Рихард кивнул. Он мигом понял, зачем понадобился Ульшпергеру.

– Мой племянник, – объявила фрау Эльснер, – тоже не отрывается от приемника, и вид у него при этом чудной, точно он кого-то подкарауливает. Они там не иначе что-то задумали.

– А что, сигналы подают? – спросил Рихард.

– Может быть. Все может быть, – быстро ответила фрау Эльснер.

– Ну что за чушь ты городишь, товарищ Эльснер, – сказала Мальцан.

– А вот муж говорит, что его двоюродный брат, он на эльбском заводе работает, все с какими-то стариками встречается, то на одном садовом участке, то на другом, это что, тоже чушь, по-вашему?

Мальцан рассмеялась.

– Почему бы им и не встречаться?

Ульшпергер помолчал. Но, подумав, попросил:

– Мальцан, запиши-ка все, а там посмотрим, чушь это или не чушь. Потом передашь мне.

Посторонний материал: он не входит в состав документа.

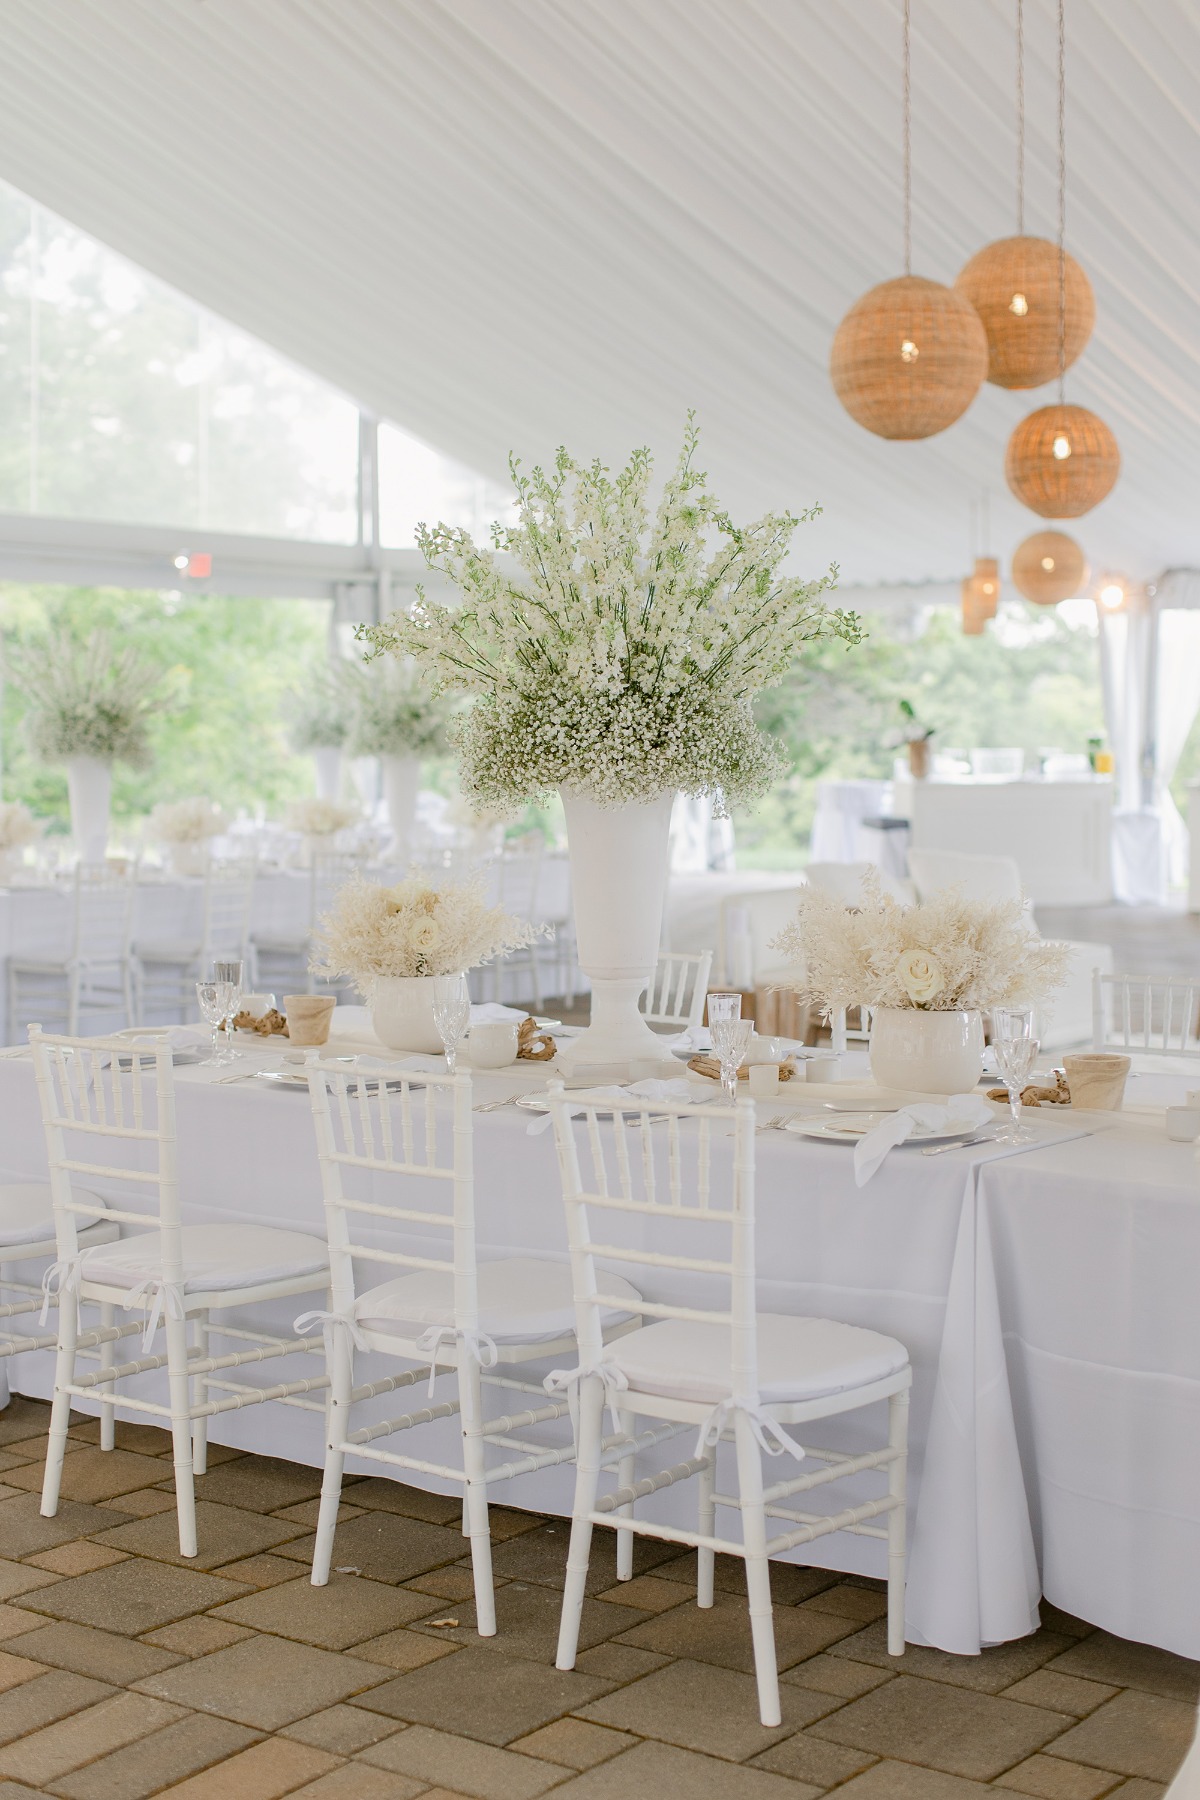 Reception table with centerpieces

У Рихарда в памяти засела одна встреча, настолько мимолетная, что он даже не решался говорить о ней. Иначе еще подумают, вроде учительницы Мальцан, что и он чушь городит. Встреча эта произошла уже после того, как смерть Сталина начала сказываться на плакатах и мыслях людей. Янауш своим насмешливым каркающим голосом говорил как бы от имени всех озлобленных шептунов. Может, именно потому, что Рихард всегда помнил о Янауше, упорно не приемлющем ничего нового, тот все время попадался ему на глаза на заводе и в городе. Он и на той неделе столкнулся с ним. У Янауша был очень довольный вид. С ним шел его приятель, в отличие от него розовый и добродушный, и еще какой-то парень, по виду ученик на заводе. Янауш говорил последнему:

– Скоро тебе такое доведется увидеть, чего ты и во сне не видывал…

Он умолк, заметив Рихарда. Но лицо его выражало удовольствие, смешанное со злорадством.

Что тут рассказывать? Нечего! Идет по улице пожилой человек с двумя приятелями. На такие пустяки внимание обращать, жизни не рад будешь…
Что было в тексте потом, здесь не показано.